Algebraic Topology for Combinatorial Analysis of Images

PI: Rocío González Díaz

Abstract: The field of image analysis is concerned with analysing and extracting information from images, as a whole, and the objects within, as its parts. Combinatorial image analysis, a subfield of image analysis, studies combinatorial properties of digital images (more generally any digital data-set). Algebraic topology is a field of mathematics concerned with the study of deformation-invariant properties of abstract objects. Within this project we research tools (methods) for combinatorial image analysis that build on the theory of topology, specifically its sub-fields (persistent-) homology and cohomology. For this purpose we will: (i) create methods to robustly extract “objects” from digital images and describe them in a way that allows further processing, and (ii) extend the existing theory and methods to compute relevant topological properties of objects. The project is based on ongoing research of our Andalusian group FQM-369 “Combinatorial Image Analysis”. The proposed tasks are: 
(T.1) Combinatorial representation of objects. 
(T.1.1) Well composed complexes. The extraction of objects from digital images can be ambiguous, partially due to the fixed resolution of the image. The 2D manifold that is the surface bounding a real 3D object, might appear to be non-manifold in the image, with e.g. many 2D patches incident to the same edge. This task deals with the computation of cell complexes, homotopy equivalent to the initial representation of the 3D image, whose boundary surface is composed by 2D manifolds. 
(T.1.2) Efficient (co)homology computation of combinatorial representations. Cohomology groups provide a richer information than homology because of the cup product computation, which has traditionally been computed only for cubical and simplicial complexes. This task is concerned with creating methods to efficiently compute (co)homology information (including the cup product on cohomology) of subdivided objects. 

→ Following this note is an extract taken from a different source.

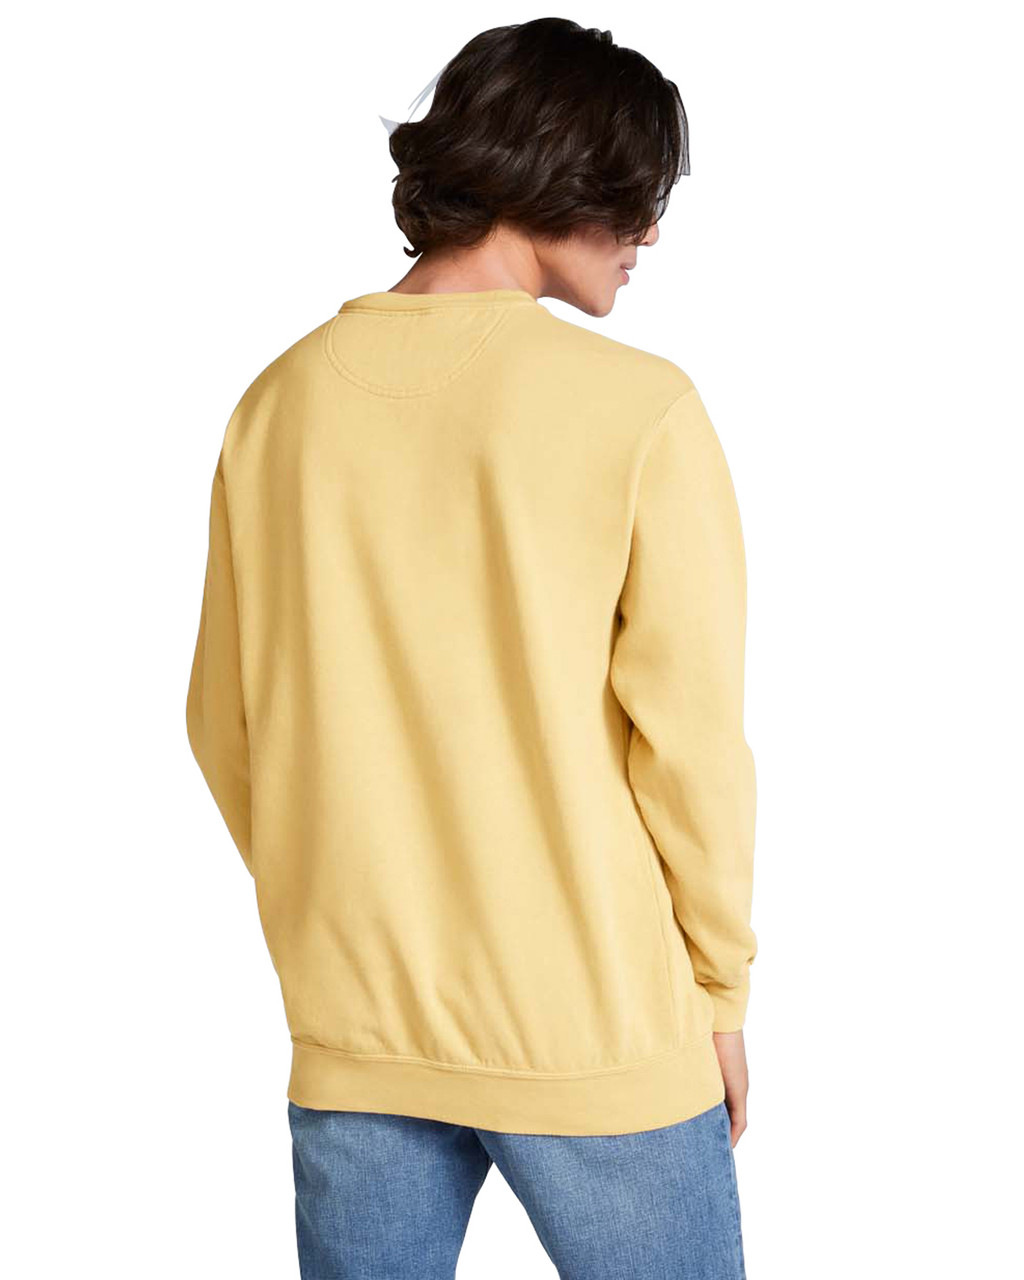 TSC Apparel Large Monogram Comfort Colors Adult Crew-Neck Sweatshirt #1566 | Wholesale Accessory Market S / Blue Jean - CC

(T.2) Persistent homology. (T.2.1) Extending persistent homology. The incremental algorithm for persistent homology by Edelsbrunner et al., is currently the de facto standard for extracting topological information, especially Betti numbers when an object is seen as a sequence of additions from a point cloud data. A first aim of this task is to extend persistent homology to other operations like removal and merging of cells. A second aim is to extend persistence theory to cohomology and cup products. 
(T.2.2) Persistent Homology for analyzing 3D models. We are concerned with the application of persistent homology computation for analysing 3D models. As main goal, we intend to provide topological evaluation of the 3D reconstruction process by the voxel carving method, which is a non-invasive technique that is used to produce a 3D volume from images captured from a set of cameras placed around the object. Another application in which we are also involved is in gait recognition using persistent homology.